* _Records for the task_:
- Opening Delimiter -
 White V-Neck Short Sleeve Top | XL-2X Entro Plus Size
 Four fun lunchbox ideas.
- Closing Delimiter -
- Opening Delimiter -
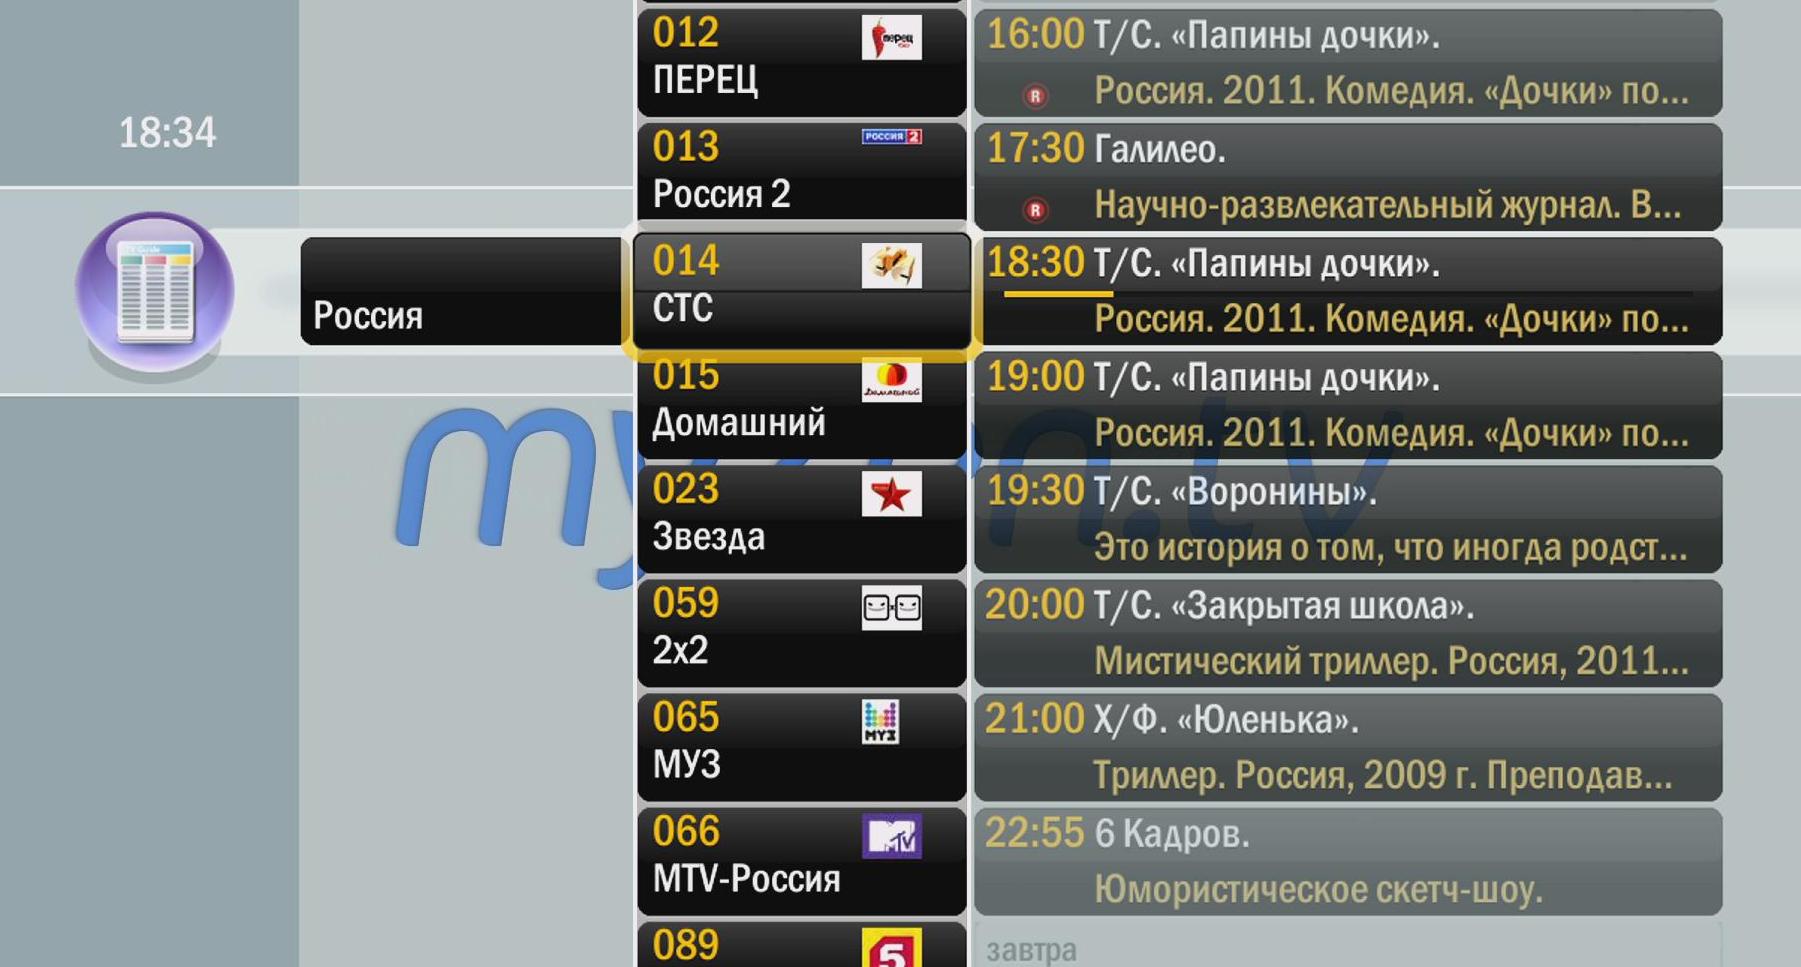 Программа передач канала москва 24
- Closing Delimiter -
- Opening Delimiter -
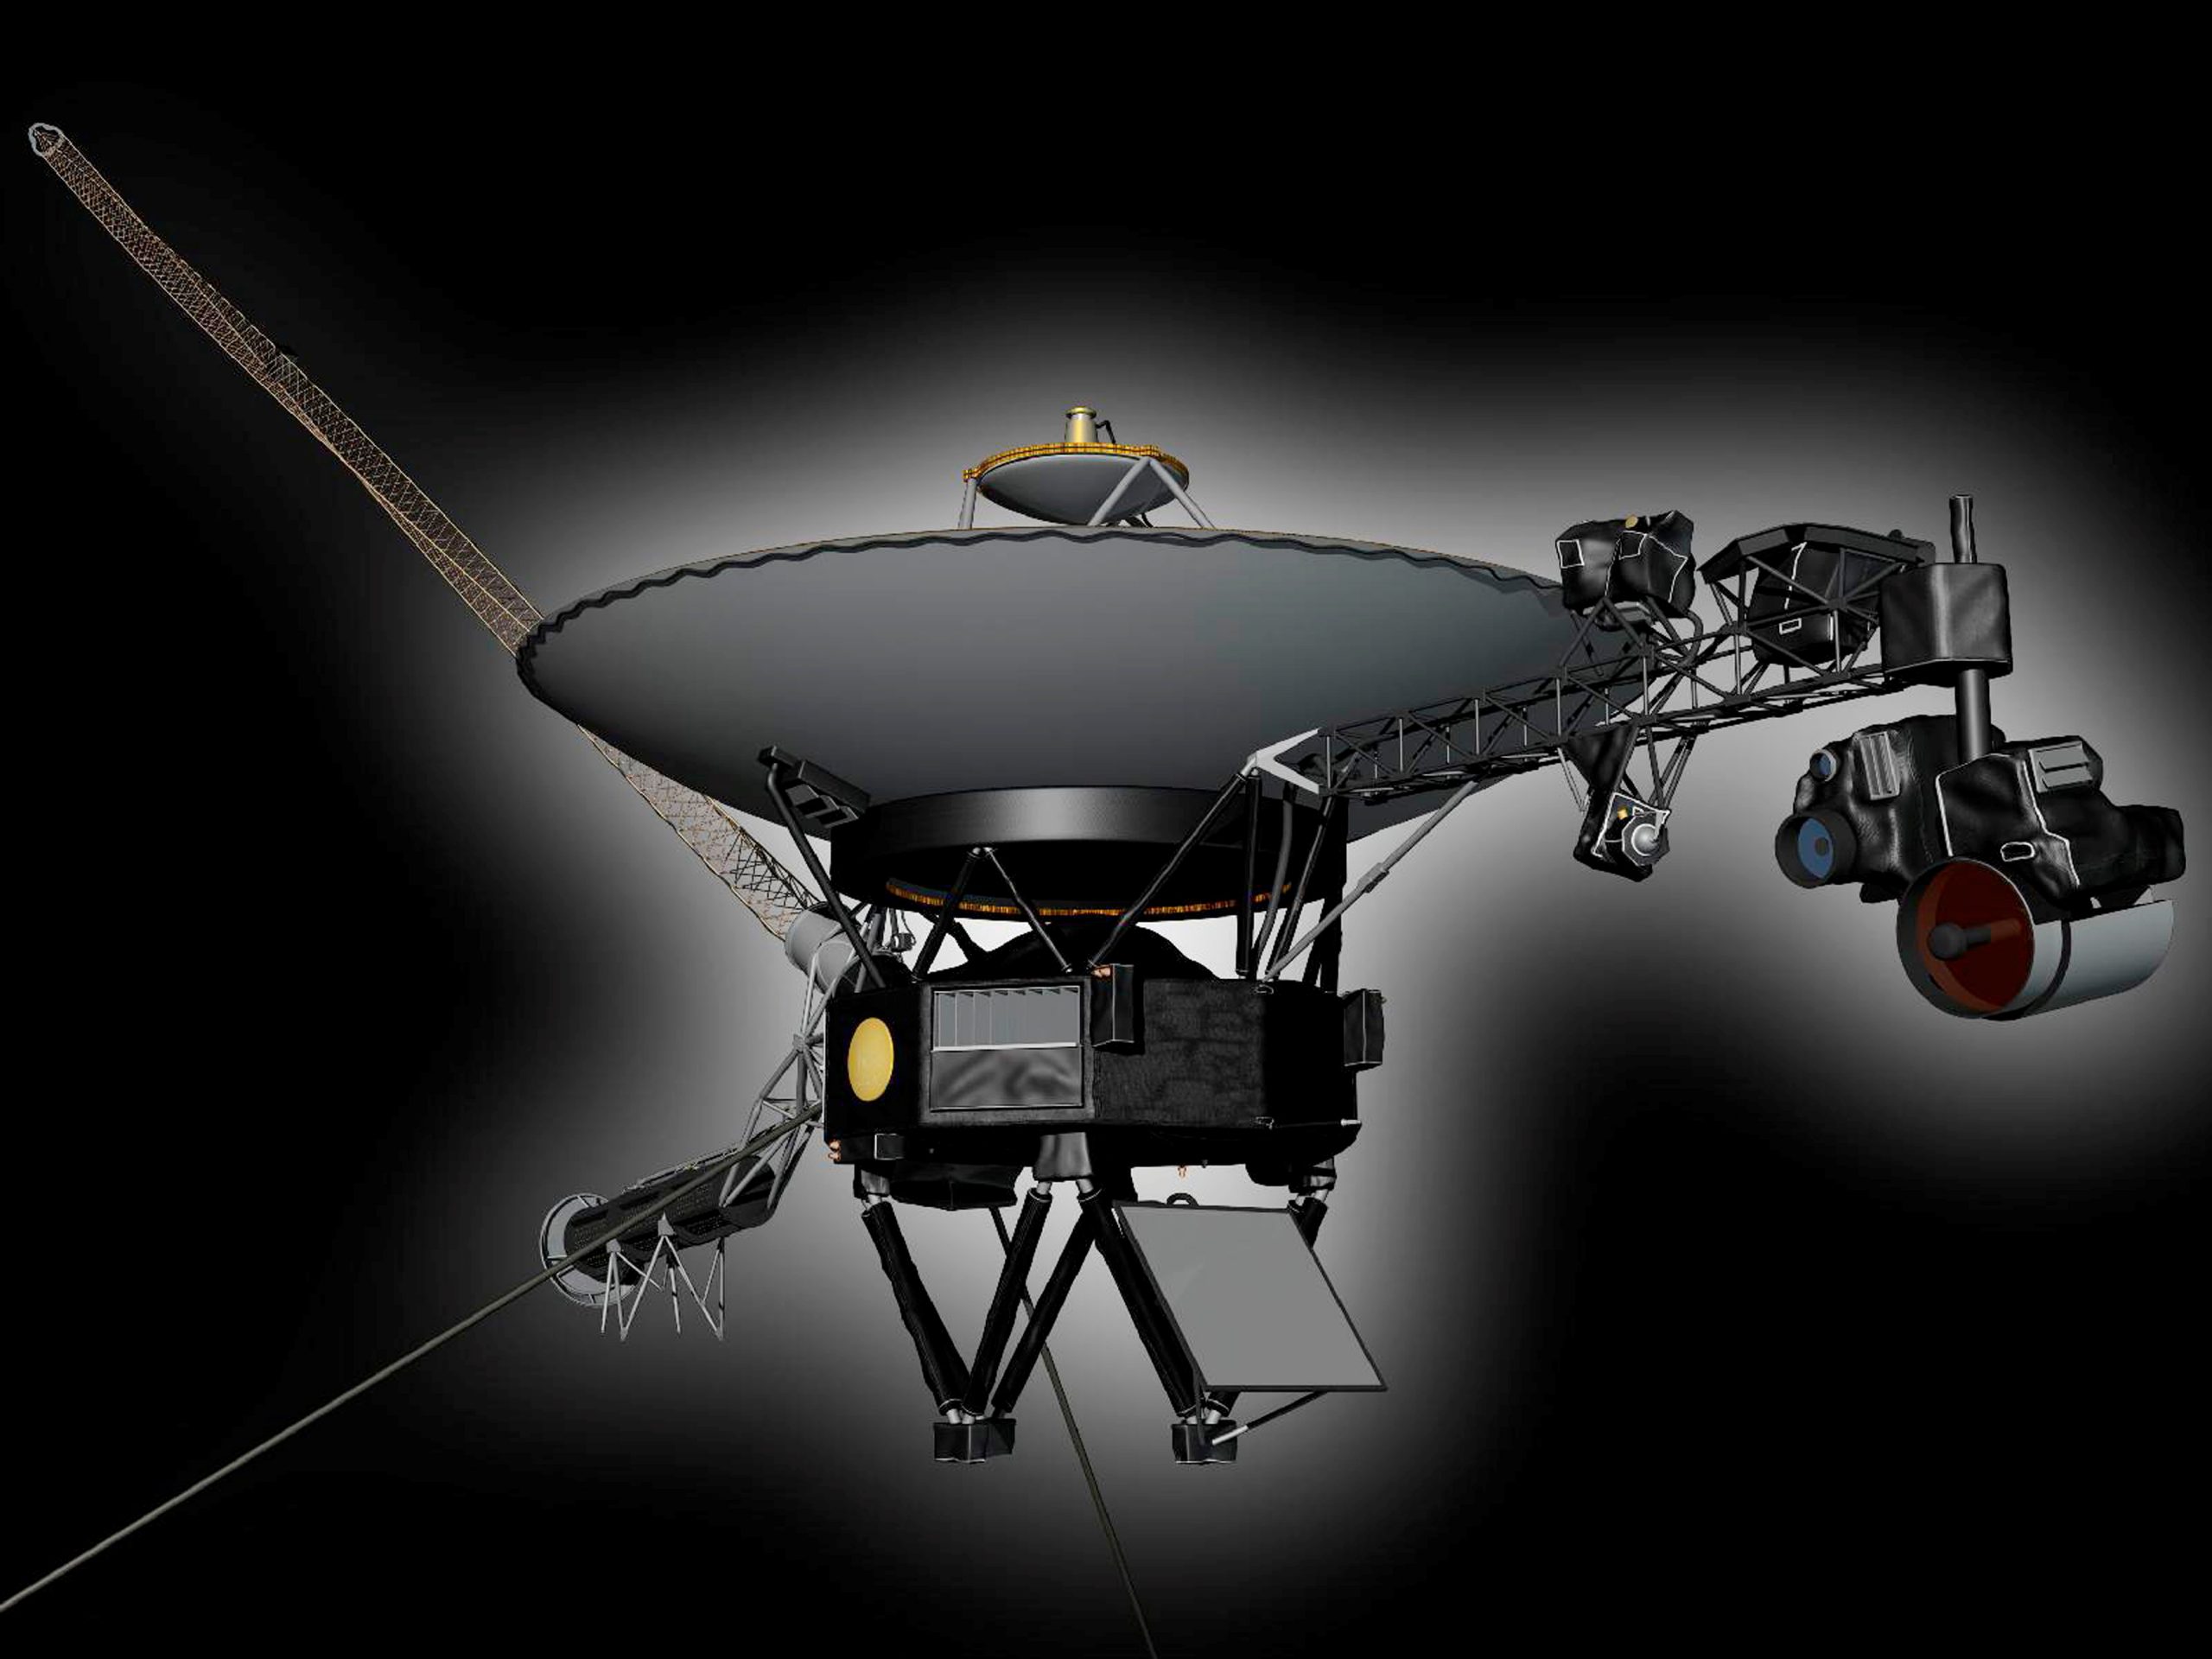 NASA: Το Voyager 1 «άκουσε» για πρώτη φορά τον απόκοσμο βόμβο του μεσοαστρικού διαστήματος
- Closing Delimiter -
* _To do_:
The lines above from the one containing "White V-Neck Short" through the one containing "Four fun lunchbox ideas." are to be set down exactly, and no others.

* _Result of this task_:
 White V-Neck Short Sleeve Top | XL-2X Entro Plus Size
 Four fun lunchbox ideas.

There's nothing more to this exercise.